──────── SUPPLIED RECORDS

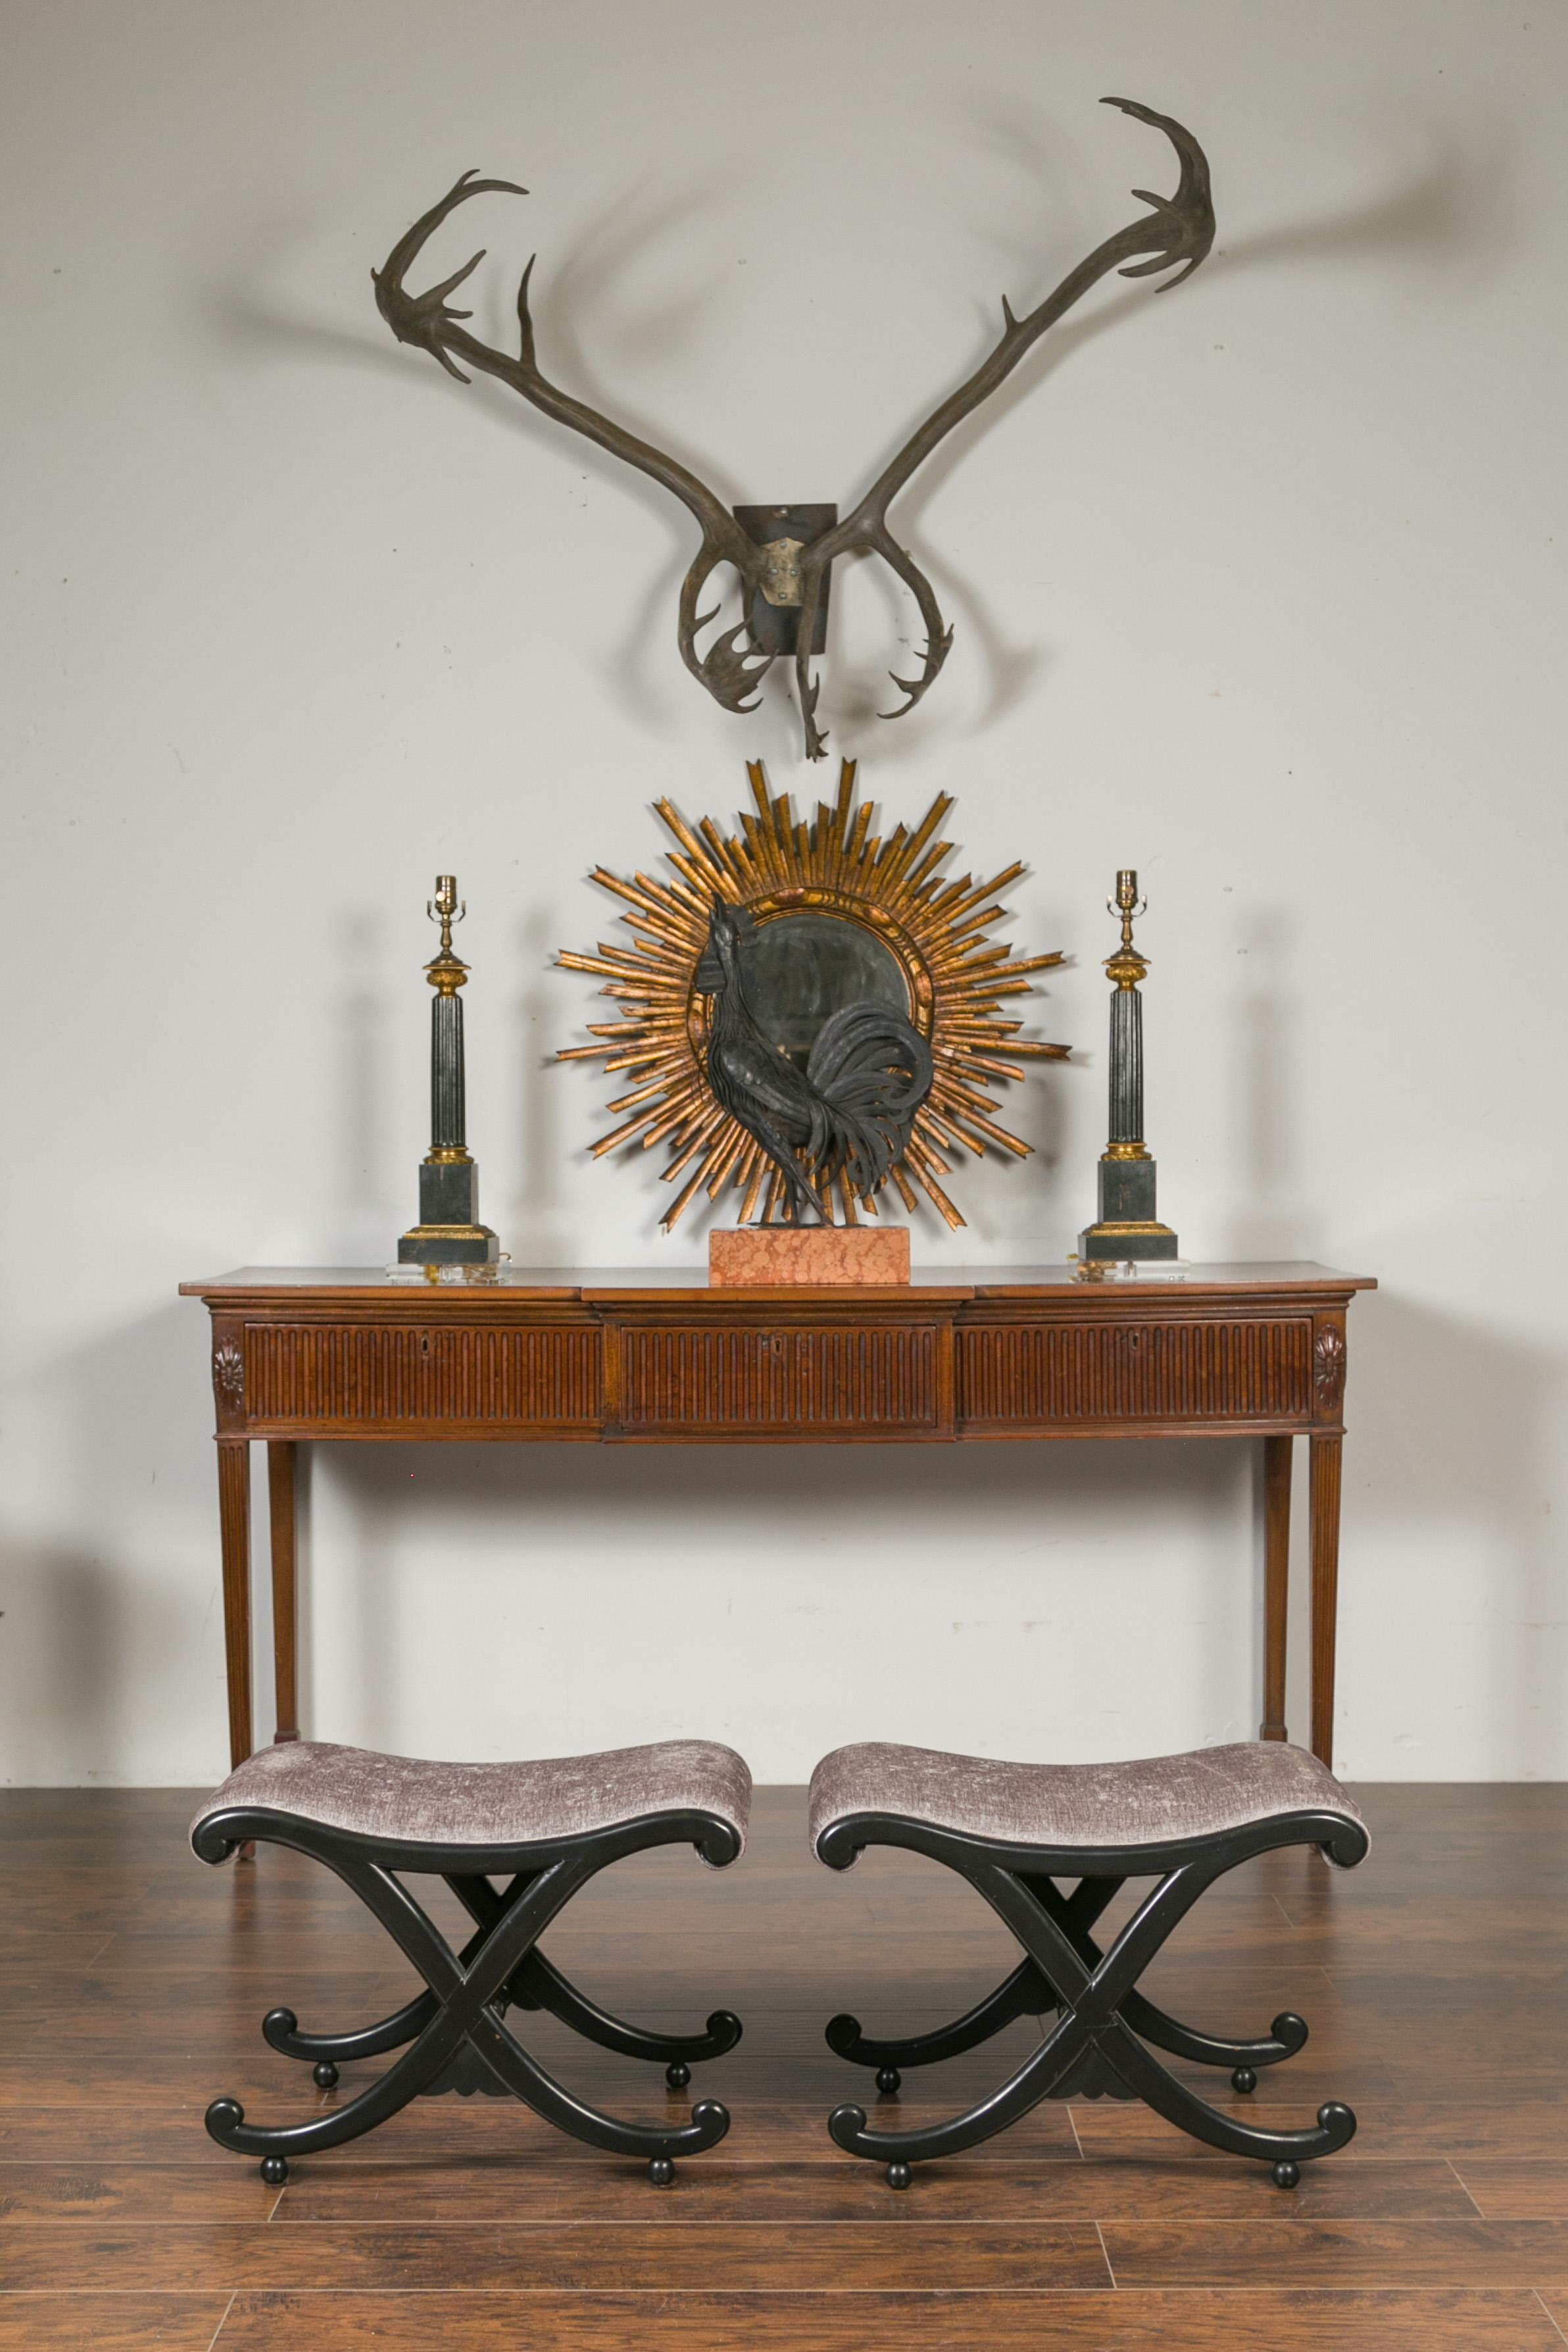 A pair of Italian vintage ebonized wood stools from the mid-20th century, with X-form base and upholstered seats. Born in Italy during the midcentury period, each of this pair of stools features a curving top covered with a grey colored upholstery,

────────────────
──────── SUPPLIED RECORDS

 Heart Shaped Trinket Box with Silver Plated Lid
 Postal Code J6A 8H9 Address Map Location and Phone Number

────────────────
──────── SUPPLIED RECORDS

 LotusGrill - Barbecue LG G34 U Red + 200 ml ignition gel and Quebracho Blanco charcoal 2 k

────────────────

- [WORK INSTRUCTIONS]:
In the listing above, find the line with "Heart Shaped Trinket" and the line with "Postal Code J6A", then reproduce both and every line between them exactly.

- [EXPECTED ANSWER]:
 Heart Shaped Trinket Box with Silver Plated Lid
 Postal Code J6A 8H9 Address Map Location and Phone Number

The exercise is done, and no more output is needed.